2.5. Land Cover Classification and Change Detection
Changes in land cover from 1985 to 2017 were analyzed using a random forest (RF) algorithm. The accuracy of random forest has been generally affirmed in various fields, but it has not been used much in ecology . Random forest is a classification that involves a combination of trees organized so that independent identical trees circulate random vectors and each tree casts a vote for similar trees in the same group . Random forest also aids in learning complex nonlinear connections, such as those in various forest systems, and the connection of overstory to forest vegetation . Textural information can give more knowledge to a random forest classifier by separating vegetation with similar spectral information . Bagging seems to enhance accuracy and estimates the error rate of the trees when random features are used  and gives the importance of each tree in the classification. Accuracy and error rates are predicted for each tree using the bag predictions as well as the mean of all samples . To extract the noise from image classification, we used a 9 × 9 majority cell filter for the different classes, and thereafter we mosaicked all the image tiles by finding the best position . Following that, we used a nearest-neighbor method to restore pixels that had no data and performed an accuracy assessment to see if the image classification was a clear representation of Uyo land use. In order to reduce errors in land cover classification resulting from reflectance differences in the dry and rainy seasons , land cover classification was based on only rainy season Landsat images. Rainy season images have the advantage of showing crop cultivation and healthy vegetation . The total accuracy of the land cover classification was evaluated using a confusion matrix to measure the similarity compared to 2017 classification results (Figure 2) and the field data. For individual land cover types, a confusion matrix was created and the total accuracy, user and producer accuracy, and kappa statistic were calculated for every class type [19,37]. The total accuracy was determined by dividing the number of classified elements by the number of pixels added in the assessment levels . The kappa statistic is another way of assessing classification accuracy by subtracting the effect of random accuracy and measures whether a classification is better than a random classification .
2.6. Time Series Analysis
The Break For Additive Seasonal and Trend (BFAST) algorithm integrates the dissolution of time series into seasonal trends and remainder components in a way that can detect seasonal and abrupt changes within the trend. BFAST examines and provides functionality to detect a disturbance in real time and models it. The BFAST approach is very flexible and can detect missing data without interpolation . Moreover, it has different models that can be used to fit the time series data and detect structural changes . A total of 281 Landsat images were stacked in BFASTMONITOR; similarly, we also extracted the normalized difference vegetation index (NDVI) time series data from 1985 to 2013 (Figure 3) and created a map of changes that occurred in Uyo with time using the BFAST algorithm.

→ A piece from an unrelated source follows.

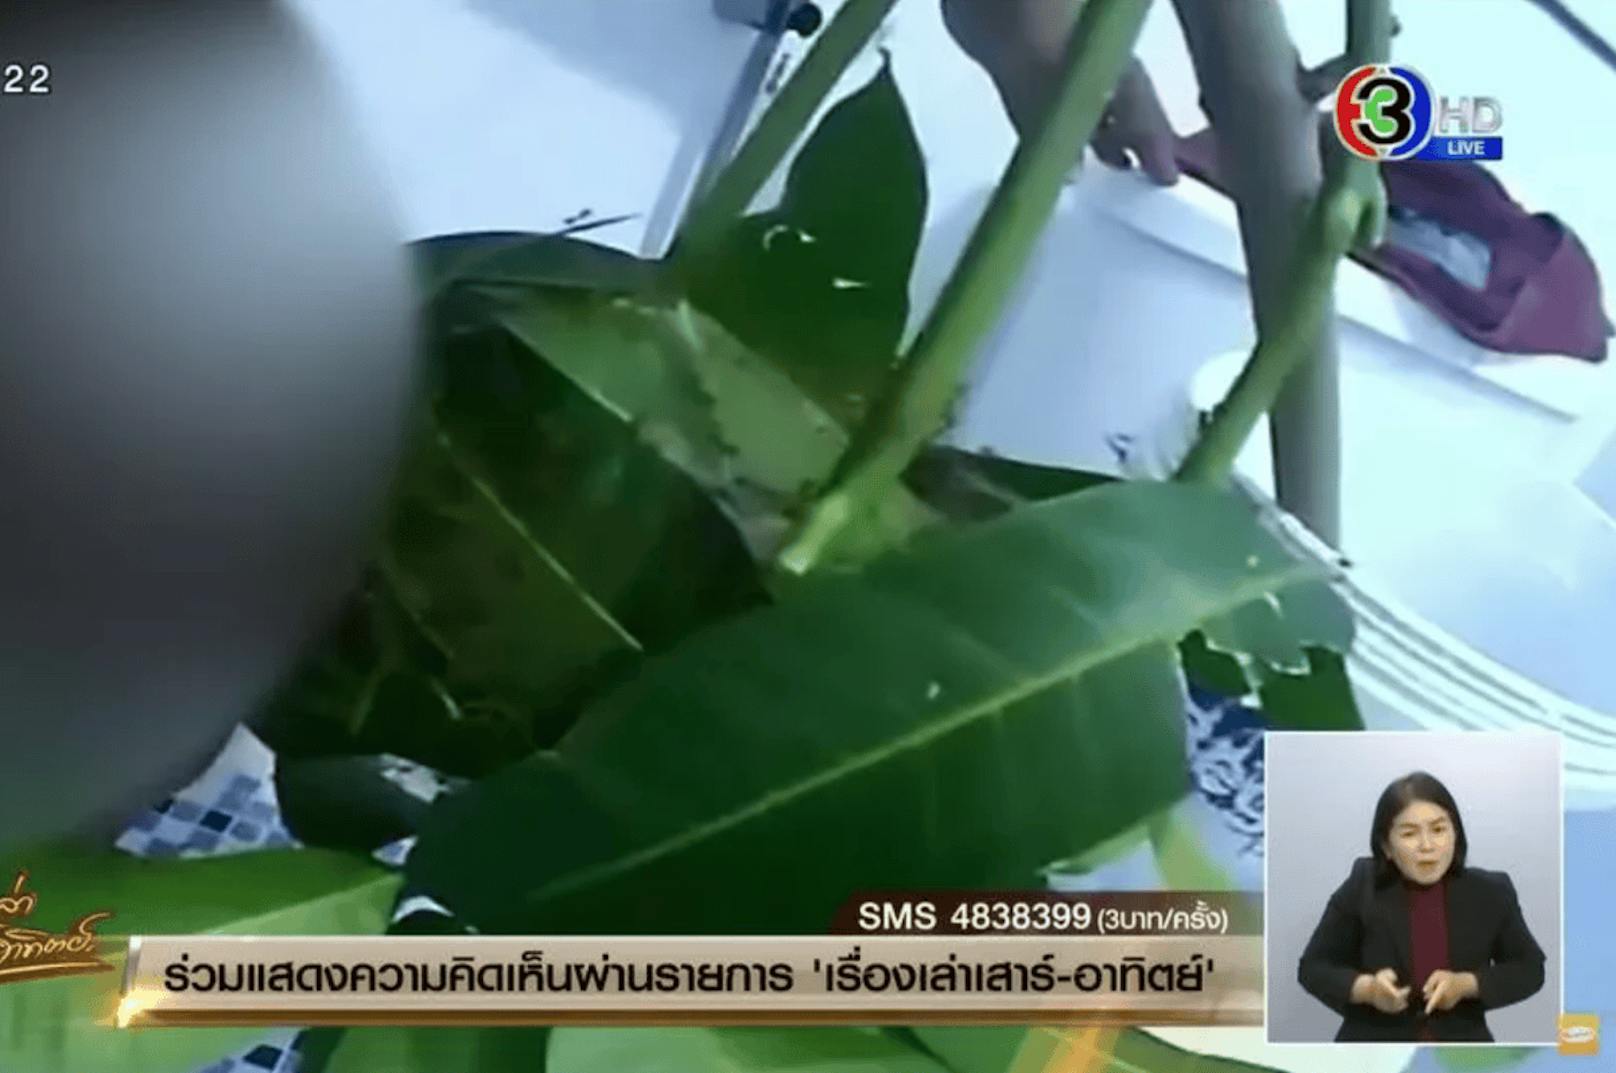 In diese von Ameisen besiedelten Blätter hat ein Mann seinen Penis gesteckt. Dabei filmte er sich auch noch. Thailändischen Medien zufolge soll es zwei Videos geben, die auf Social Media kursieren. (Im Bild: Ausschnitt aus der "Morningshow" von Channel 3 in Thailand)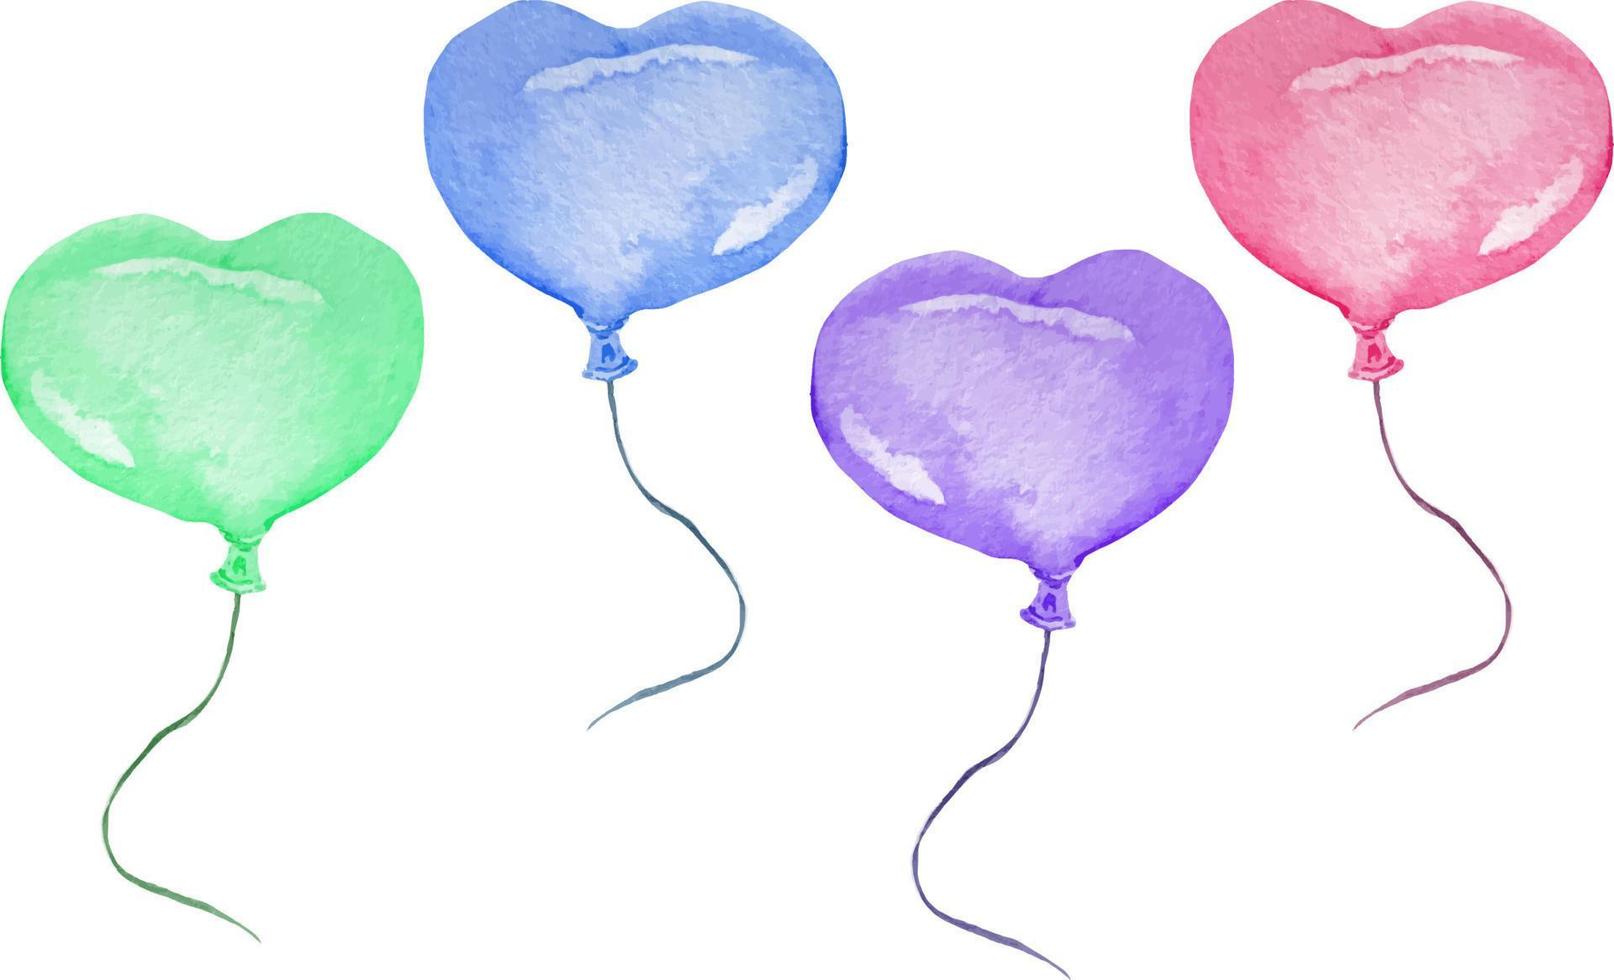 lindos globos de aire de color rosa brillante, púrpura, verde y azul de color agua en forma de corazón con hilo negro ondeando. vector

3.1. Changes in Land Cover Patterns
To assess the quality of land cover classification, we used an internal out-of-bag random forest accuracy assessment method. Field and satellite data showed that the total accuracy of land cover change using a confusion matrix was 90% with a kappa statistic of 0.73 in 1986, 93% with a kappa statistic of 0.79 in 2003, and 95% with a kappa statistic of 0.83 in 2017 (Table 2). Land use and land cover types vary in Uyo; Figure 2 shows there was a trend of massive increase of built-up areas over the past 32 years. Table 3 shows there was a huge decline from 1986 to 2017 in forest area, from 414.94 to 219.41 km2; swamp vegetation, from 48.94 to 18.31 km2; and mixed vegetation, from 48.94 to 29.53 km2. Changes in the built-up area grew from built-up land alone in 1986 to dense built-up, sparse built-up, and borrow pit in 2003, which have continued to grow. In 1986, built-up land had an area of 24.85 km2; it increased to 15.75 km2 dense built-up, 154.25 km2 sparse built-up, and 4.85 km2 borrow pit in 2003, and to 26.42 km2 dense built-up, 251.51 km2 sparse built-up, and 9.79 km2 borrow pit in 2017. The total change in built-up area increased to 287.72 km2 in 2017. This shows a significant increase in the built-up area with an average change of 8.98 km2 per year, which means built-up land keeps changing every year due to the continuous increase in economic activity in the area.
3.2. NDVI Trends in Uyo
NDVI time series (Figure 3) show that from 1985 to 1990, the changes in vegetation in Uyo occurred at a slower rate until 2000 and beyond, when the vegetation (forest, swamp vegetation, mixed vegetation) started decreasing rapidly without increasing any time of the year, while the cropland went up and down because of its seasonal variation (Figure 4). Applying BFAST to the NDVI time series for urban growth generated over time shows significant changes in the time trend component. The changes were detected by creating a loop and extracting the average pixels in the NDVI data of the study area (Figure 4). This also shows the yearly trend (Yt) of vegetation (forest, swamp vegetation, mixed vegetation) in Uyo, which indicates that it keeps decreasing without recovering in any year, and the time trend (Tt) shows a continuous trend of decreased vegetation in Uyo due to a continuous increase in built-up area, while the seasonal trend (St) shows changes in cropland continuing at a normal rate.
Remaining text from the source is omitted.